Thursday, January 10, 2002

By Associated Press

GADSDEN, Ala. - A judge narrowed the scope of a closely watched PCB

pollution case, restricting the lawsuit against Monsanto Co. to residents

with an illness linked to chemicals discharged by the company.

Originally, more than 3,500 Anniston residents accused Monsanto of dumping

toxic pollutants into local waterways and then hiding their dangers.

Calhoun County Circuit Judge Laird said he did not know how many

plaintiffs would be eliminated from the case as a result of his ruling

Tuesday.

Jury selection for the trial resumed Wednesday.

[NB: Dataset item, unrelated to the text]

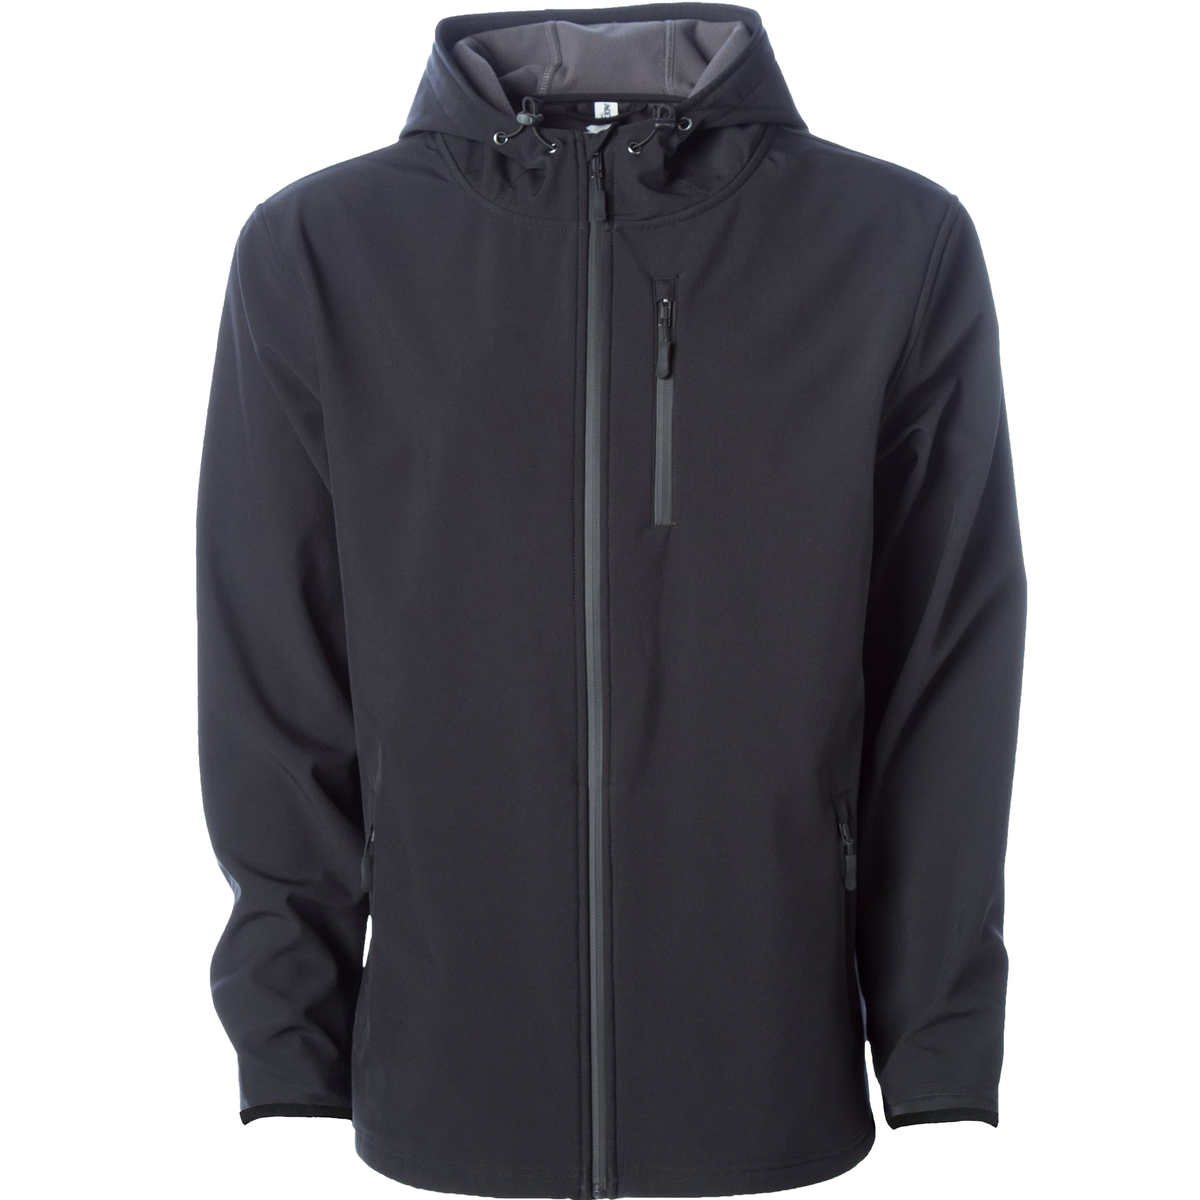 EXP35SSZ - Poly Tech Water Resistant Soft Shell Jacket

The class-action lawsuit contends that polychlorinated biphenyls, or PCBs,

produced at the plant from 1929 to 1971 and released into waterways are

highly toxic chemicals that harm humans, animals, and fish and persist for

decades.

Laird based his decision on a state Supreme Court ruling last year that said

people exposed to dangerous chemicals could not sue for medical monitoring

when they had no apparent injuries.

The high court, ruling in a similar case against Monsanto, also noted that

state law requires a present illness before a plaintiff may recover monetary

damages.

There was no comment on the ruling from attorneys for the residents or for

Solutia Inc., the Monsanto spin-off company that now owns the Anniston plant

and is also named in the suit.

The plaintiffs are seeking monetary compensation for personal injury and

property damage as well as removal of PCBs from their property, local

waterways, and other land in Anniston, 66 miles east of Birmingham.

Solutia officials maintain there is no credible evidence that PCBs made

anyone sick. They also say the chemicals will be cleaned up according to

plans to be developed by state and federal regulators.